The other security question affecting the core is to what extent it wants or has to intervene in the periphery? Will its own integration make it more inward looking, or will it seek to exert increased control over the periphery? Isolationism could result from preoccupation with internal restructuring, plus both a perceived lack of threat from the periphery and a measure of despair that anything can be done for it. The norm against overt intervention remains strong as a basic ordering principle of international society. Western states are sensitive to the charges of imperialism that many in the periphery are still prepared to make and, in the more chaotic and underdeveloped parts of the periphery, not much can be done without intervening on a scale sufficient to justify the charge. There is also much valid concern about the cost of doing anything meaningful, and much hesitation caused by a lack of any proven means of transferring development effectively. There certainly does not seem to be a path to development that enables non-Western societies to modernize without putting into serious jeopardy the cultural heritage that their political sovereignty is supposed to protect.

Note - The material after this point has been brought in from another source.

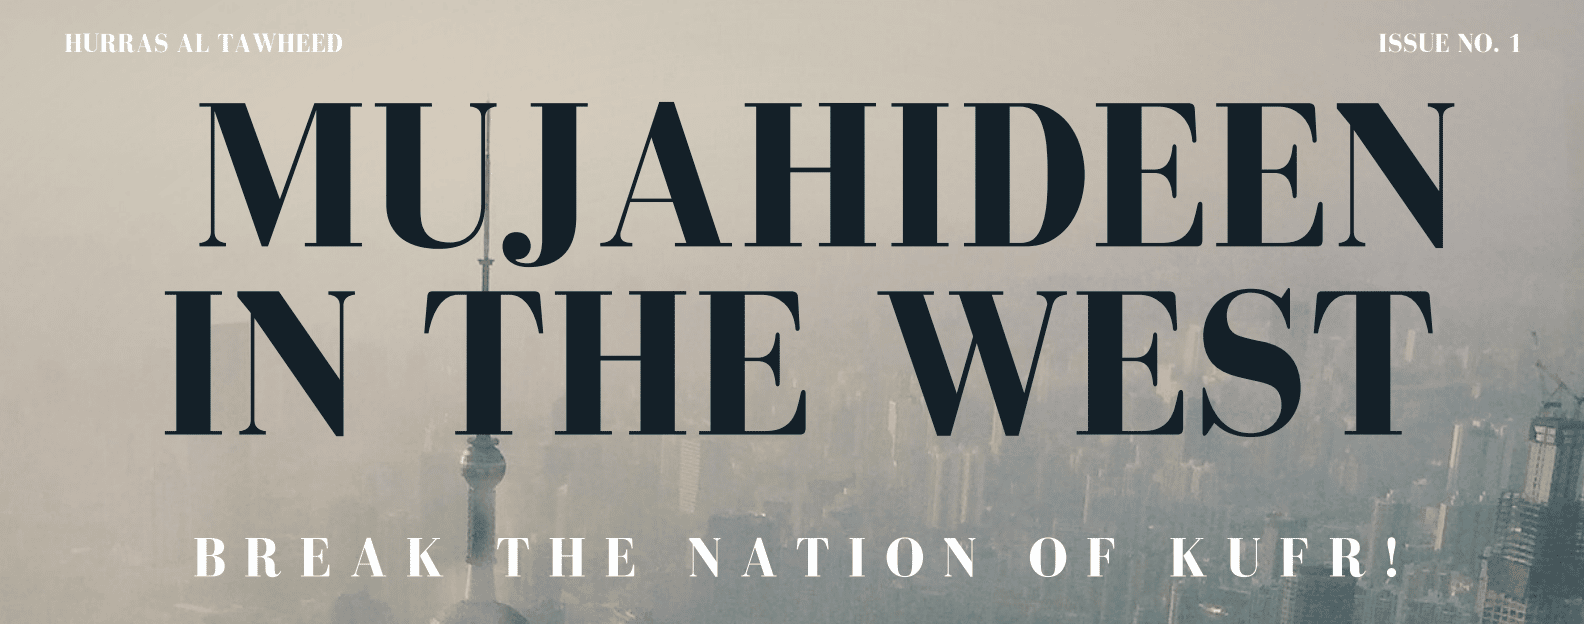 AQC Affiliated - Hurras Al-Tawheed Media House: Mujahideen In The West 'Break The Nation of Kufr' Issue #1

Interventionism could result from ideological consensus, a dominant power position, and a desire to enforce some of the standards of Western international society (human rights, nuclear nonproliferation, pluralism, market economics, environmental protection) on a global scale. Given the chaos in places such as Somalia, Haiti, Rwanda, and ex-Yugoslavia, there has already been extensive discussion as to whether the nonintervention norm can and should be overridden for human rights purposes, even during and after interventions couched in these very terms. This is the beginning of a very slippery slope leading to obligations to provide welfare and order so massive that they would constitute a kind of (institutional) recolonization. In different ways, developments in Somalia, Haiti, Bangladesh, and Cambodia all illustrate a drift toward using international institutions as a vehicle for a kind of recolonization in circumstances with which indigenous state structures are unable to cope. If this type of interventionism is to be significant, then one major problem facing the capitalist core is how it should organize itself for a global management role. Indeed, the seemingly endless conflict in Bosnia has revealed profound confusion about how the various organizational machineries available to the center should relate to each other. The UN Security Council, NATO, CSCE (lately renamed the "Organization for Security and Cooperation in Europe"), WEU, the EU, and the G7 have no clear sense of either their mandate or their interrelationship for the collective core management of the "NWO."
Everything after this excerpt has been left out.